The Basics of Caching — strategies that actually move the needle

August 30th, 20251 min read#dev #performance #caching #backend #ca-duh

A fast primer on in-memory, distributed, and CDN caching—what they are, when to use each, and how they boost latency, throughput, and cost efficiency.

TL;DR

Put CDN/edge in front of anything public. It offloads traffic and slashes tail latency.
Use distributed cache (Redis/Memcached) for data shared across instances.
Add in-memory (per-process) caches for ultra-hot, tiny objects and computed results.
Start with cache-aside + TTL, then add request coalescing and stale-while-revalidate to tame stampedes.

Why cache at all?

Caching trades freshness for speed & scale.
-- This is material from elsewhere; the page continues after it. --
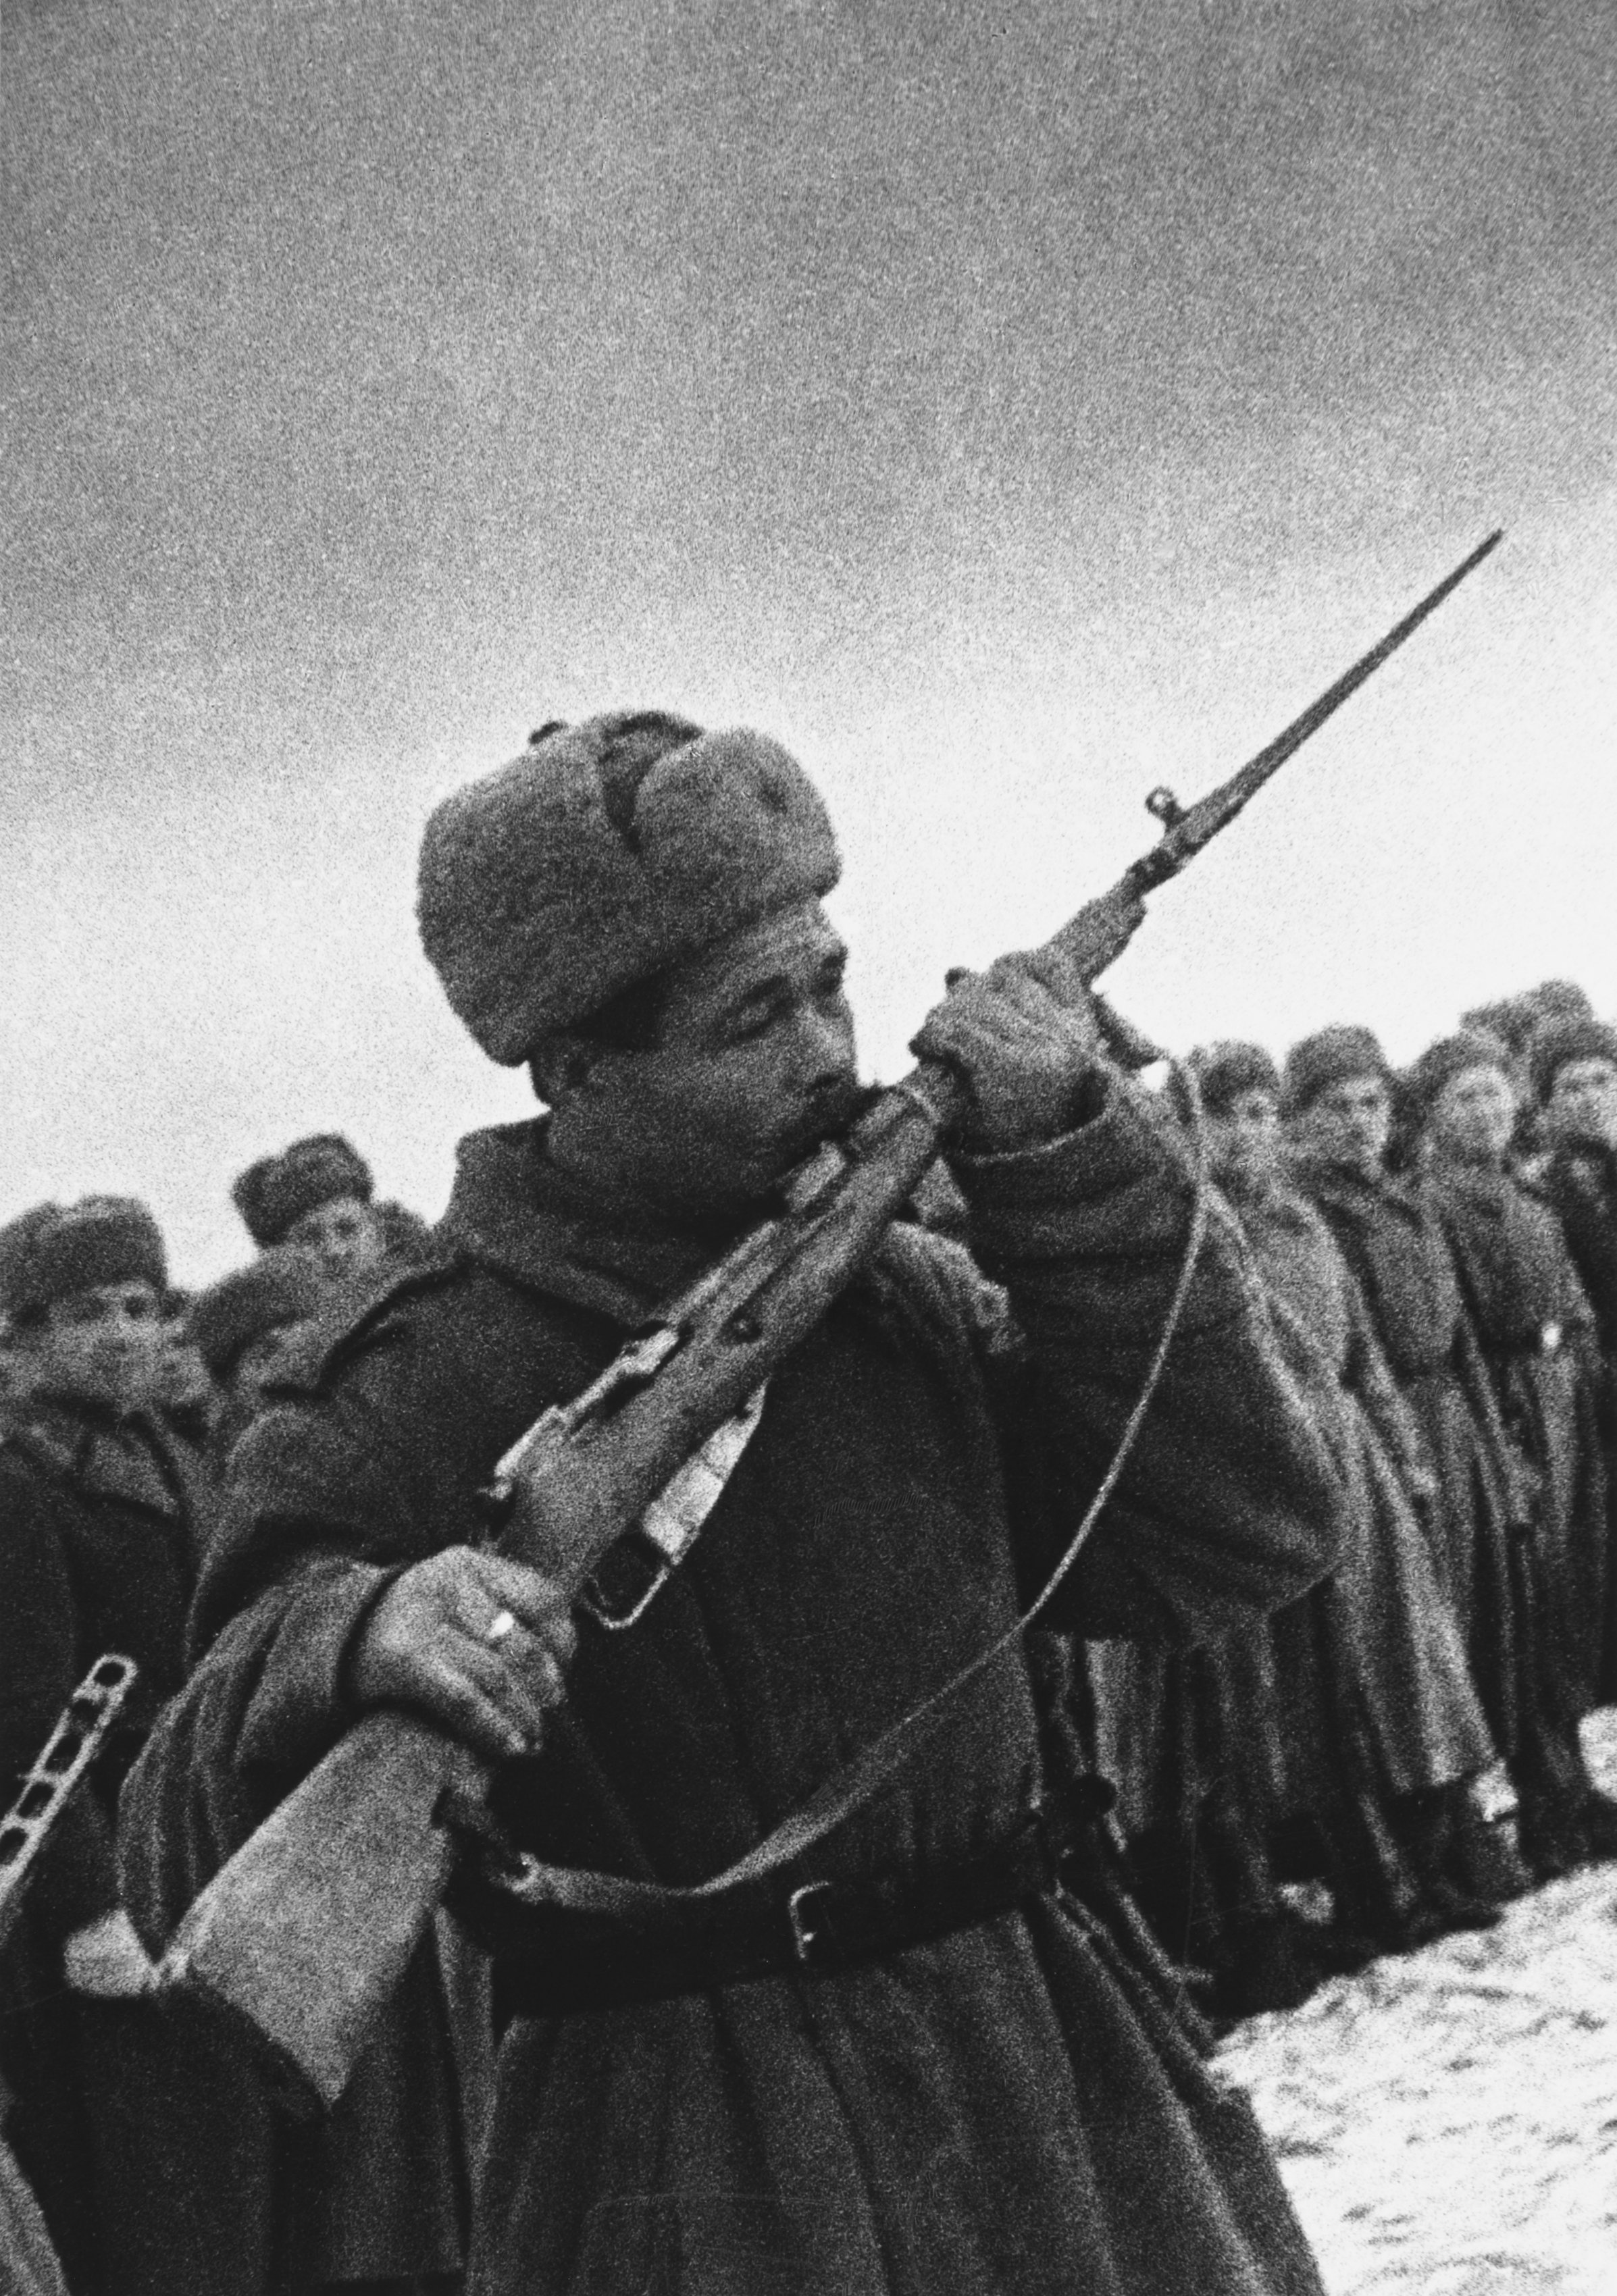 The Oath of War (Soviet Soldier Kissing His Rifle)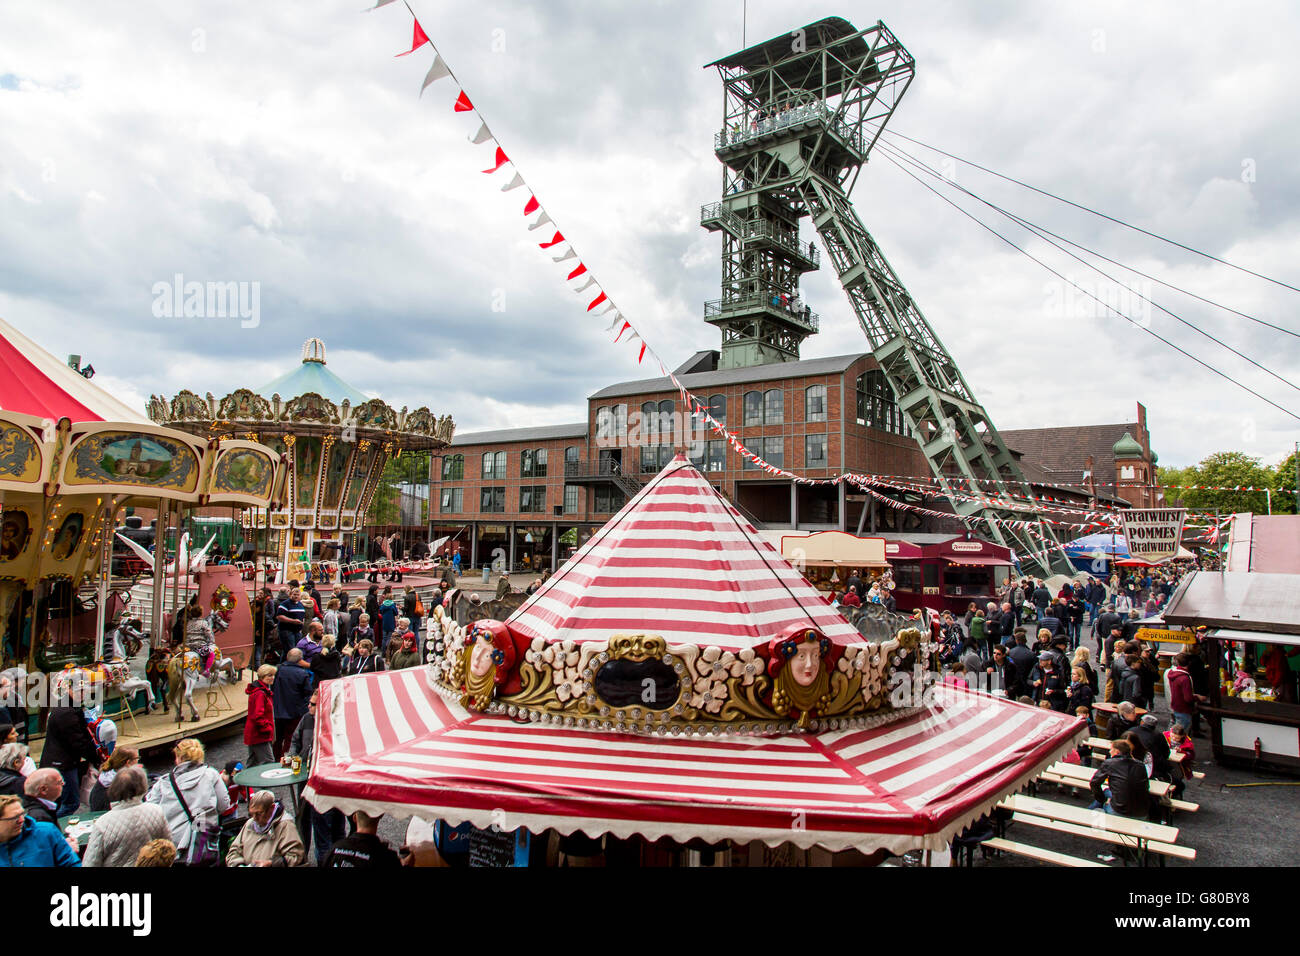 Historical fair in the grounds of Zeche Zollern, an old industry museum on the ground of a former colliery  in Dortmund, Stock Photo

Lower latency: serve from memory/edge (micro- to milliseconds).
Higher throughput: fewer DB and origin hits.
Resilience: withstand traffic spikes and partial outages.
Lower cost: less egress, fewer DB reads, smaller fleets.

The layers (mental map)

Browser cache: honors Cache-Control, ETag, Last-Modified.
CDN/Edge (reverse proxy): Cloudflare/Fastly/Akamai; caches full responses at POPs.
App-side caches:
- In-memory (process-local): fastest, not shared across instances.
- Distributed (Redis/Memcached): shared, network hop required.
DB/query cache: results/materialized views; often downstream of app caches.

Core strategies

1) In-memory (process-local)

Use for: super-hot config, small computed results, feature flags, rate-limited calls.

Pros: nanosecond lookup, zero network.
Cons: not shared; stale until process restarts; risk of duplication across instances.

Example (LRU + TTL, Node/TS):

import LRU from "lru-cache";

const cache = new LRU<string, any>({ max: 5_000, ttl: 60_000 }); // 1 min

export async function getUserFast(id: string) {
  const key = `user:${id}`;
  let val = cache.get(key);
  if (val) return val;

  // cache-aside
  val = await db.users.findById(id);
  cache.set(key, val);
  return val;
}